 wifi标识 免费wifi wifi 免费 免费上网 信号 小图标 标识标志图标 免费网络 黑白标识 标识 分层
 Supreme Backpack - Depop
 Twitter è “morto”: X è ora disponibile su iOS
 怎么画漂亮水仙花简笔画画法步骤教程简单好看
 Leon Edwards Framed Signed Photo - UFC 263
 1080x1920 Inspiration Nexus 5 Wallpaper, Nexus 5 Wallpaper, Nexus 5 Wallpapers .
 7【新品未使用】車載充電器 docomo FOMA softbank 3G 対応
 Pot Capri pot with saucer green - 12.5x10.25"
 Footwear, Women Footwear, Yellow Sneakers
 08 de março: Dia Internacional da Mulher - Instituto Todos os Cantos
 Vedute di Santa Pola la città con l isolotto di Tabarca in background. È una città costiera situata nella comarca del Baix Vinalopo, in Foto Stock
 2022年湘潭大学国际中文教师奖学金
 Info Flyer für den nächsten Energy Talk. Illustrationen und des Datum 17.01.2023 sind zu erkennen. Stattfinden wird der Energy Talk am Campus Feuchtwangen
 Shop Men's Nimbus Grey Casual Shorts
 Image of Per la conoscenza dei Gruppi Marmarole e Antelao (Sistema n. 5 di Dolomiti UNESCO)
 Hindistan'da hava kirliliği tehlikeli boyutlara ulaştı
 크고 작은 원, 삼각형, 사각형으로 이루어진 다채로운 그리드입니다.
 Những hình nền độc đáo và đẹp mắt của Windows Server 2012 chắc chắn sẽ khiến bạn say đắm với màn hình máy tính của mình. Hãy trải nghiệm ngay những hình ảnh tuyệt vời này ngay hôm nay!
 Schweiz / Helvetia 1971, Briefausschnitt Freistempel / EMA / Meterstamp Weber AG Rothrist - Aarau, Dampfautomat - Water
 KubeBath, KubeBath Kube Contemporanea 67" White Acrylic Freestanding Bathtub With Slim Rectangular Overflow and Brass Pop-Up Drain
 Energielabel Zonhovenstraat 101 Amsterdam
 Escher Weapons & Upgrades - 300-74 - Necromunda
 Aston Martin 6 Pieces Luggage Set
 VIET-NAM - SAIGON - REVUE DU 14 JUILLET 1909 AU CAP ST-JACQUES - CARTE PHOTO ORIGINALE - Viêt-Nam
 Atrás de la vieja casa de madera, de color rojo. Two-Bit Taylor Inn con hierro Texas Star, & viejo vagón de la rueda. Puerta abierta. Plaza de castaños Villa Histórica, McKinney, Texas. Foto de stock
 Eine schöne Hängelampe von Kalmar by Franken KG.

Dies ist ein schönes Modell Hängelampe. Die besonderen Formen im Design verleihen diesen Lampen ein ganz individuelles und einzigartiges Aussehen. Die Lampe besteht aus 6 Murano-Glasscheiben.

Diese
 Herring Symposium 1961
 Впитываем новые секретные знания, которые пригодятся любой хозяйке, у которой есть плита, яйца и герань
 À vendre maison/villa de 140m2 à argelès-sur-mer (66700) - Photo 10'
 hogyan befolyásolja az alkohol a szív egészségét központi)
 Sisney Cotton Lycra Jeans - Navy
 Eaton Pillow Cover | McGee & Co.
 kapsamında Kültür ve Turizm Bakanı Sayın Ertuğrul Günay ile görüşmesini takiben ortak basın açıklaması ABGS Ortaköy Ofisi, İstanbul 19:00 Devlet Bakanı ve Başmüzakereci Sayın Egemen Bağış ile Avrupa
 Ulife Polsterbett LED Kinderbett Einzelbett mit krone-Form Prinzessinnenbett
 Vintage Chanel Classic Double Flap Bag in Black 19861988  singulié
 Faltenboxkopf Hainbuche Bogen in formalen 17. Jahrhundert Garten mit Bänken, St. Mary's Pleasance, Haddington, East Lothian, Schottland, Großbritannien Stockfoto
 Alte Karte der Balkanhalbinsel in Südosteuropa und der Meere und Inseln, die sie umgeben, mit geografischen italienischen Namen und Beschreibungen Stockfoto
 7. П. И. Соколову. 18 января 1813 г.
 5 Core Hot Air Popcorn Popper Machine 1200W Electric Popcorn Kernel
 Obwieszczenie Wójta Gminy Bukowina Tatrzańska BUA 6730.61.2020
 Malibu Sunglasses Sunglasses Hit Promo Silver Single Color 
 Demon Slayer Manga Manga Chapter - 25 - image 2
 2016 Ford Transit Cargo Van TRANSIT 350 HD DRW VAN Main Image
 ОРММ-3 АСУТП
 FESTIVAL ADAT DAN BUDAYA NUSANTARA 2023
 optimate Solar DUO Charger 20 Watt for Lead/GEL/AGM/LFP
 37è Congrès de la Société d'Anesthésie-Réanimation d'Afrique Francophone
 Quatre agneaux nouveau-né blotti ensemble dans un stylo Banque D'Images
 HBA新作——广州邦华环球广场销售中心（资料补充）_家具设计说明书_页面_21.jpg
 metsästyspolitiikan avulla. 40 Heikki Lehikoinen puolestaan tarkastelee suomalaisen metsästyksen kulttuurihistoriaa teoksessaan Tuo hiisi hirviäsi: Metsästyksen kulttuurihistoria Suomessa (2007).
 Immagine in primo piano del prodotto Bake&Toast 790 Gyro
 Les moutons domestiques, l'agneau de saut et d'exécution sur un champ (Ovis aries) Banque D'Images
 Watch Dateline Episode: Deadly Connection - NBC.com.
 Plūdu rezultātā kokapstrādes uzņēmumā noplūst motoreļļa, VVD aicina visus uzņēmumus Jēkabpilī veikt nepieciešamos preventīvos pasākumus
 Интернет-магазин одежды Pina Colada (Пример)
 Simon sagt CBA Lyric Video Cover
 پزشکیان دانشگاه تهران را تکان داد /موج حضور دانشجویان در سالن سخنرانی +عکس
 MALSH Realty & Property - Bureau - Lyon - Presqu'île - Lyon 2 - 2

■ ■ ■ ■

• **WHAT THIS TASK INVOLVES**
What you give back must match the material exactly, beginning with its first line and ending with the line holding "Footwear, Women Footwear, Yellow Sneakers".

• **EXERCISE SOLUTION**
 wifi标识 免费wifi wifi 免费 免费上网 信号 小图标 标识标志图标 免费网络 黑白标识 标识 分层
 Supreme Backpack - Depop
 Twitter è “morto”: X è ora disponibile su iOS
 怎么画漂亮水仙花简笔画画法步骤教程简单好看
 Leon Edwards Framed Signed Photo - UFC 263
 1080x1920 Inspiration Nexus 5 Wallpaper, Nexus 5 Wallpaper, Nexus 5 Wallpapers .
 7【新品未使用】車載充電器 docomo FOMA softbank 3G 対応
 Pot Capri pot with saucer green - 12.5x10.25"
 Footwear, Women Footwear, Yellow Sneakers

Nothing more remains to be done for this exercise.